Up to now, I've thought that CTRL-C is safe, for Pkg, why I do it, and if Pkg/precompile can't handle it, it's a bug there (what I was referring to with that sentence). Just as a power-failure shouldn't damage disk structures (of Julia).

I take it you confirm disk structures aren't safe from abort of Pkg, even if I do not use Pkg further in same session.

Back to the issue here, I confirm a bug with yet another error:

julia> @time m * m3
malloc_consolidate(): invalid chunk size

[2907418] signal 6 (-6): Aborted
in expression starting at REPL[38]:1
^C

most probably inv alone might also fail, and any of BigInt operation, it's not like either was conceptually mutable, so I think all for BigInt (and likely BigFloats too) risky.

[Then the REPL froze, maybe since I pressed CTRL-C again.]

https://forums.raspberrypi.com/viewtopic.php?t=367805

[not here hardware related but] or continuing to use memory after freeing it, which eventually trashes some of libc's metadata.

https://stackoverflow.com/questions/18760999/sample-example-program-to-get-the-malloc-consolidate-error

Running valgrind is extremely slow. Maybe you can try setenv MALLOC_CHECK_ to 1 and run your program to see any diagnosis message first.
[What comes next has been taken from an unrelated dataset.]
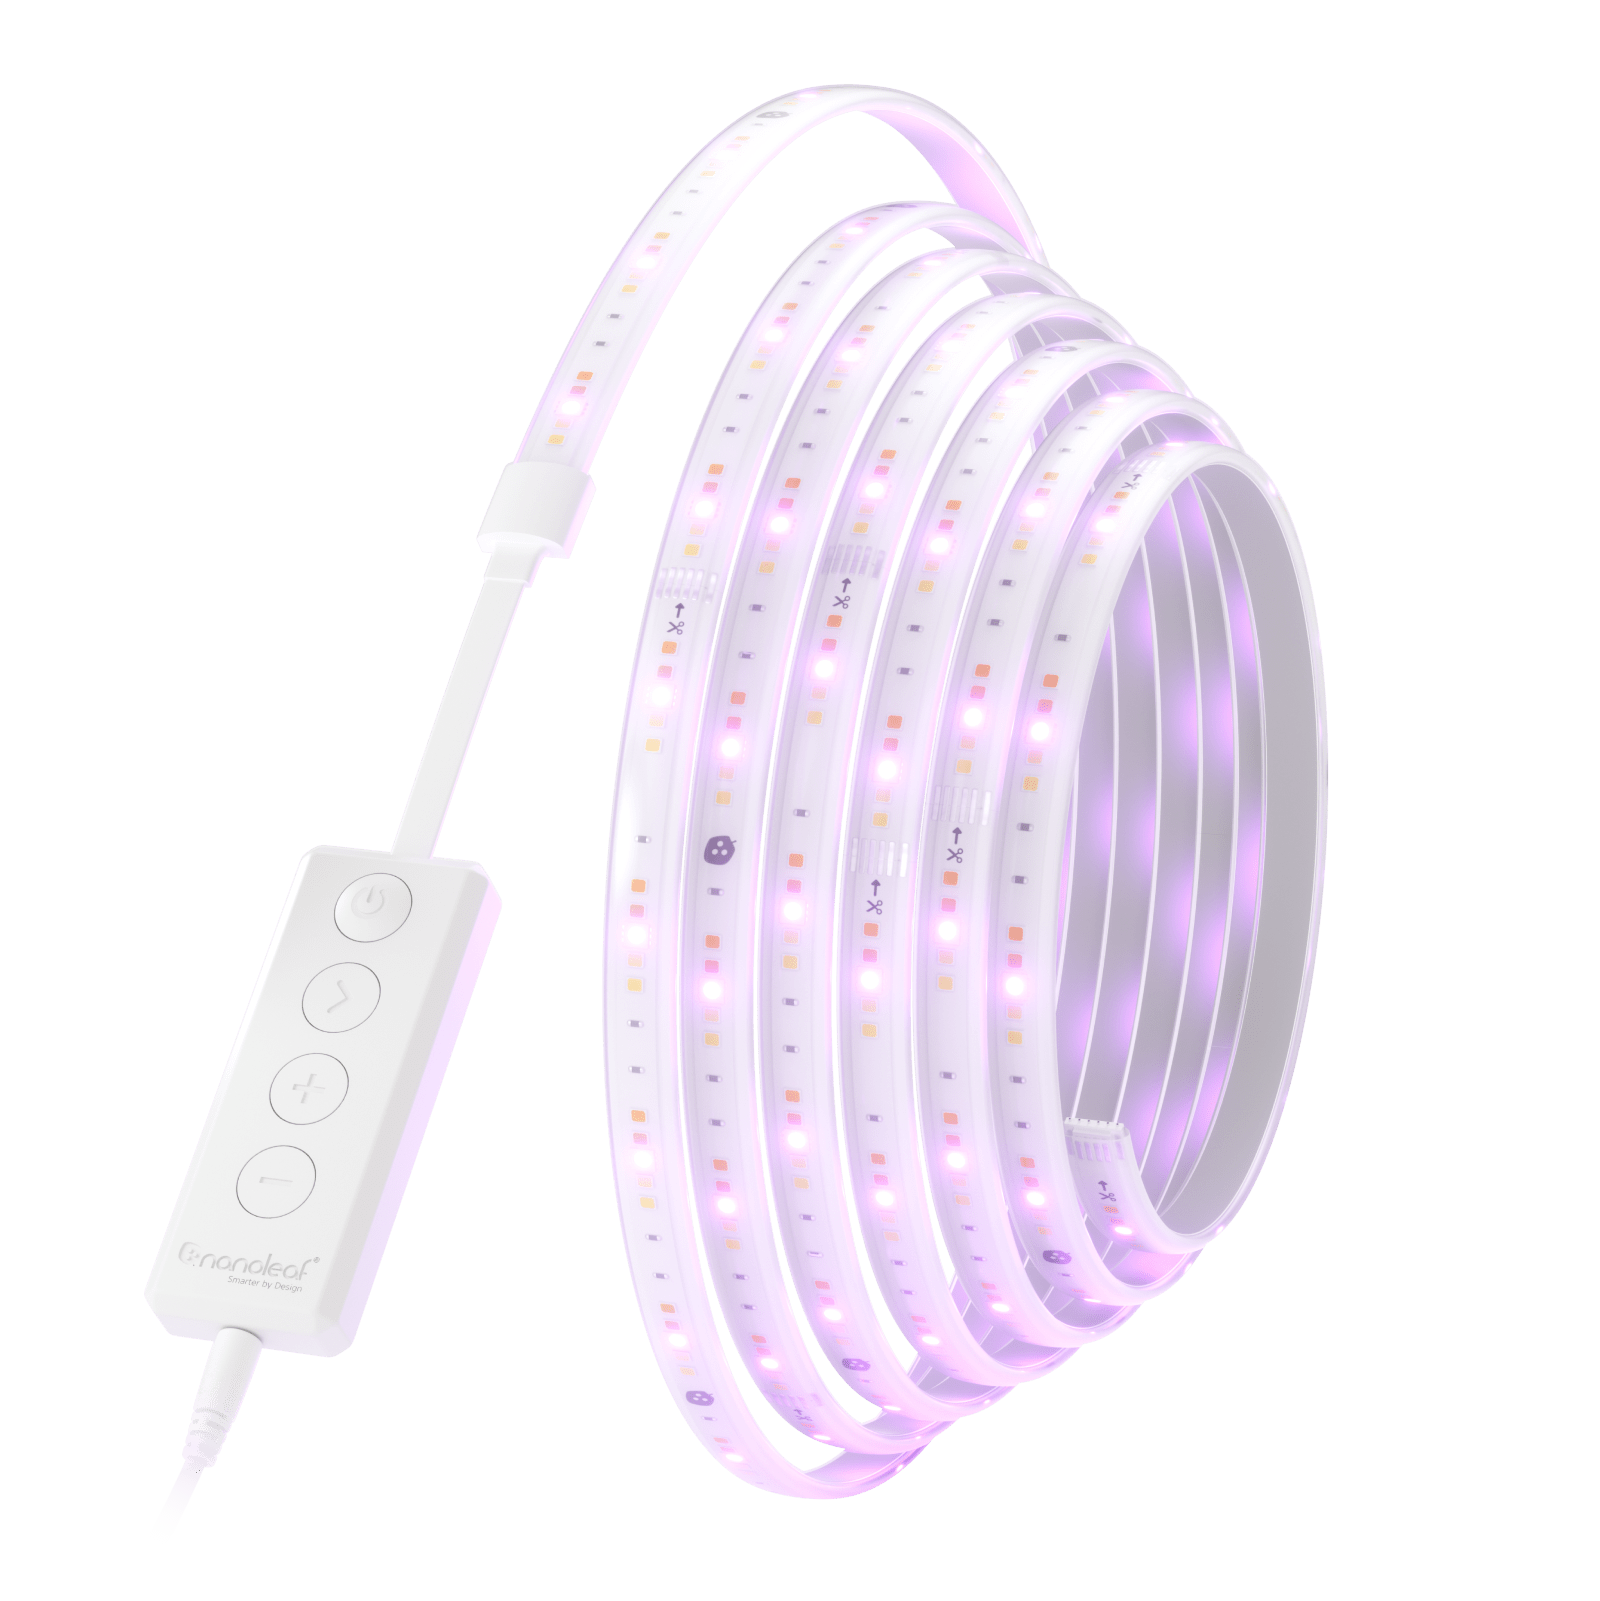 Nanoleaf Essentials Matter A19 Smart Bulb - Thread & Matter-Enabled Smart  LED Light Bulb - White and Color (3 Pack)
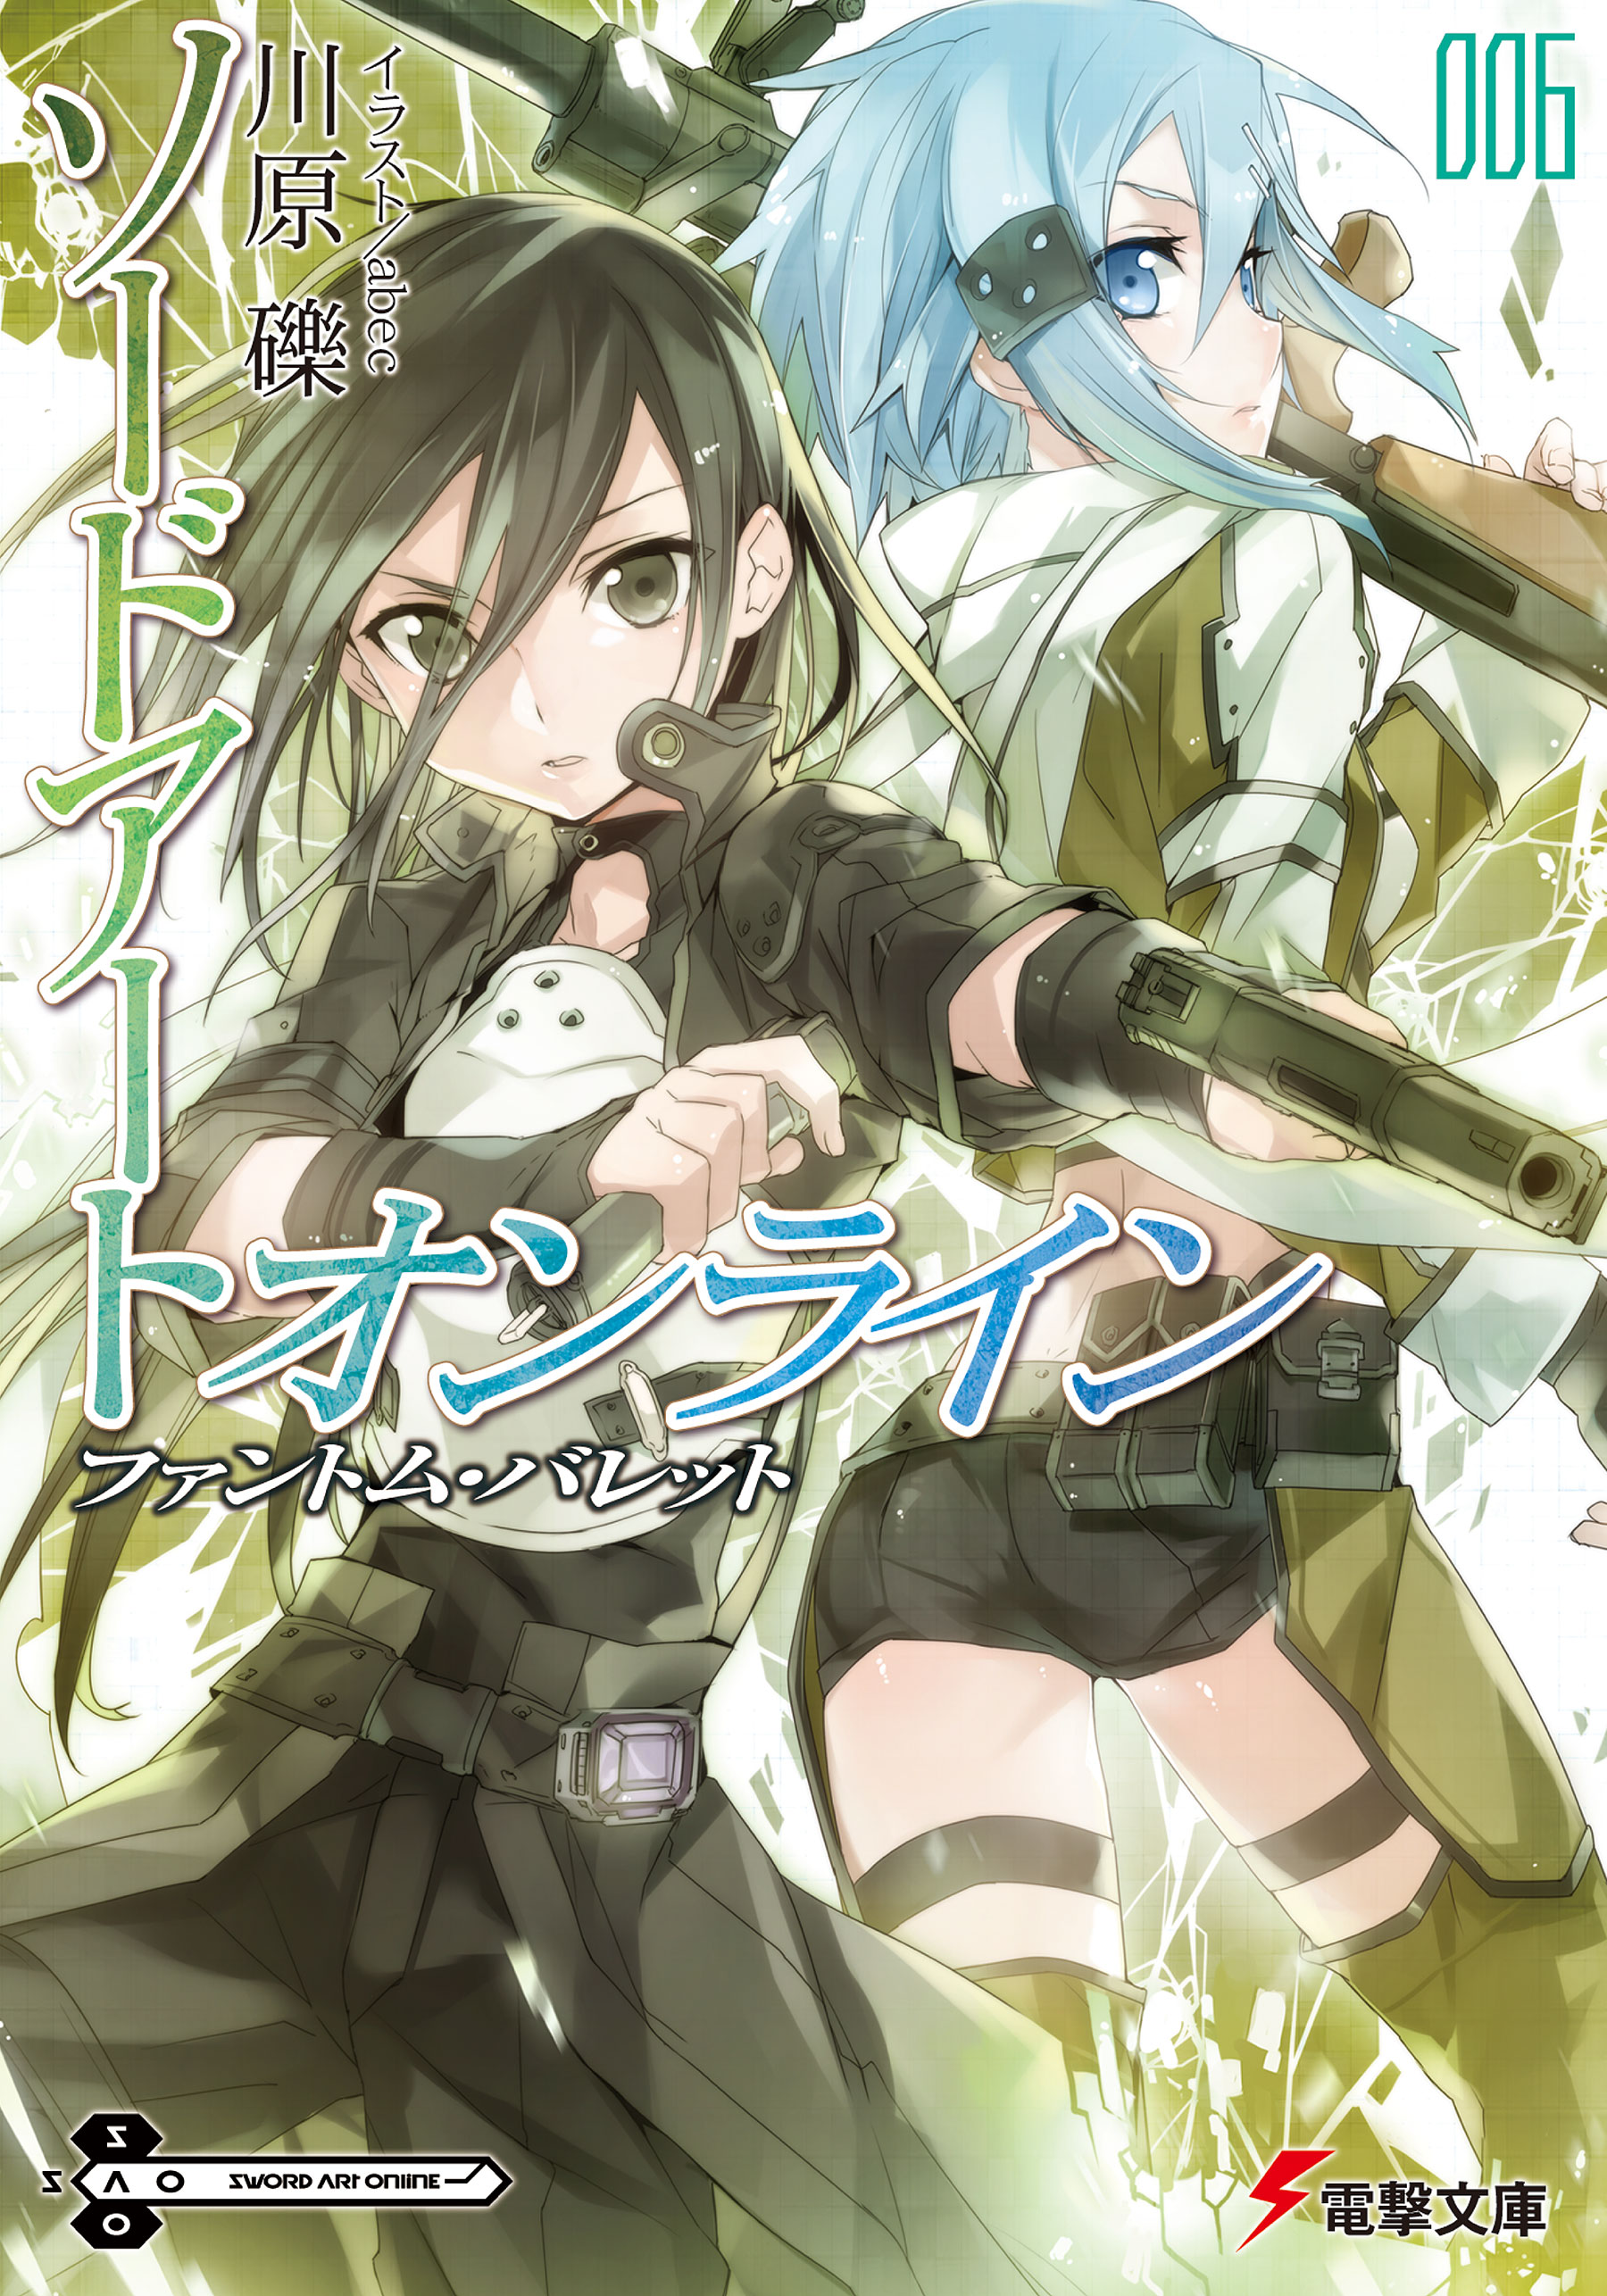 Sword Art Online Light Novel Volume 06 Sword Art Online Wiki Fandom

https://stackoverflow.com/questions/18153746/what-is-the-difference-between-glibcs-malloc-check-m-check-action-and-mcheck

I'm guessing there's really no way to recover from this, after the fact, and all such C code. This would also fail in C (and Python and any language wrapping this?).

For Julia code, i.e. those relying on GC then it likely shouldn't be an issue, but still all mutable structures in danger that have been half processed.

Wouldn't all immutable memory structures (including for GC survive this?)?